### [YOUR ASSIGNMENT]
Using the listing below, set down exactly the lines starting at the line that contains "Marfa Creme Wide" and ending at the line that contains "Jacuzzi int gr", both included, and no others.

### [RECORDS FOR PROCESSING]
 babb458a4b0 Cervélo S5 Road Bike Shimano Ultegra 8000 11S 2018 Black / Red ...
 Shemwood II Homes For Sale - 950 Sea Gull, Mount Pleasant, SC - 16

==

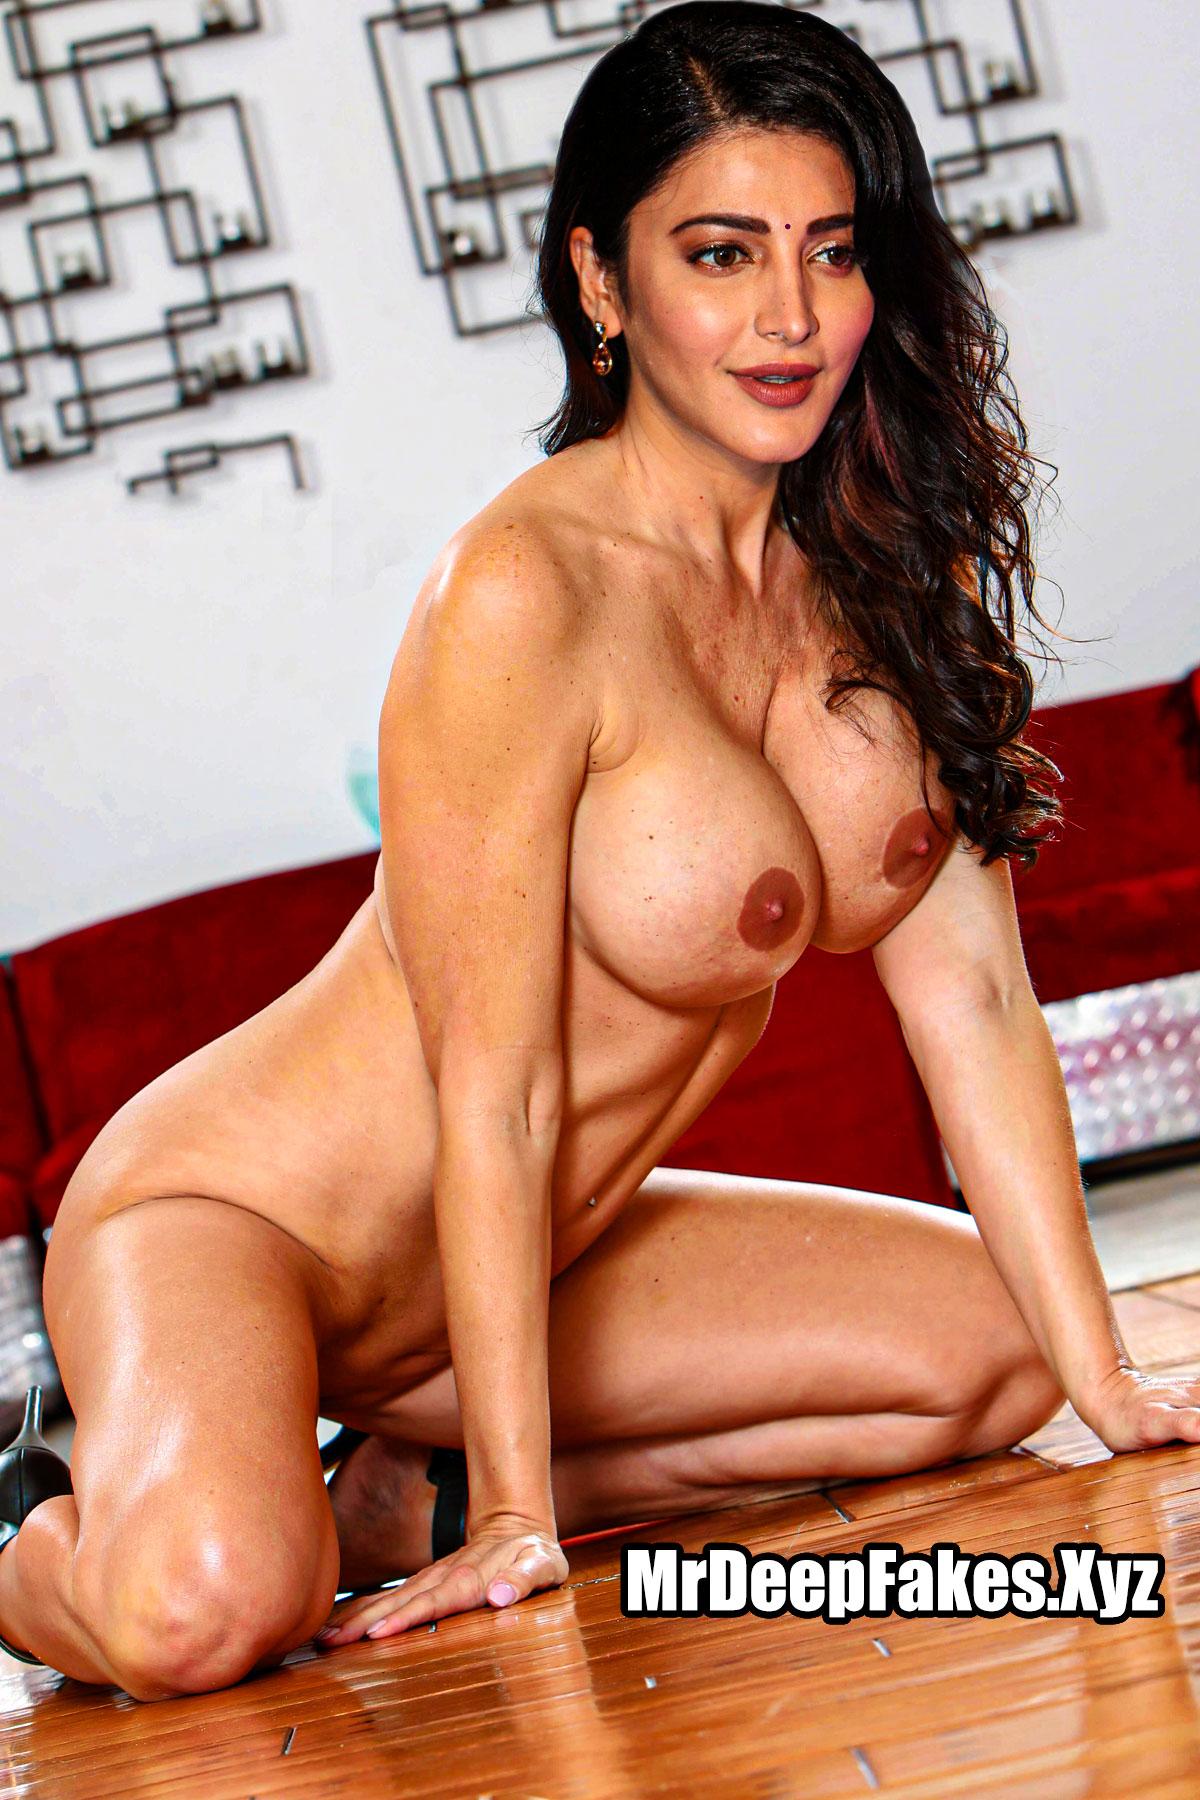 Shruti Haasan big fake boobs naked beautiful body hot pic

---

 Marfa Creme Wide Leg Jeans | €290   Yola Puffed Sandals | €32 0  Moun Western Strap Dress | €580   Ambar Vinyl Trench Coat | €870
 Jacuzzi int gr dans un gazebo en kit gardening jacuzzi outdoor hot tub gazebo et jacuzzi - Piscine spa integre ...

### [ANSWER BELOW]
 Marfa Creme Wide Leg Jeans | €290   Yola Puffed Sandals | €32 0  Moun Western Strap Dress | €580   Ambar Vinyl Trench Coat | €870
 Jacuzzi int gr dans un gazebo en kit gardening jacuzzi outdoor hot tub gazebo et jacuzzi - Piscine spa integre ...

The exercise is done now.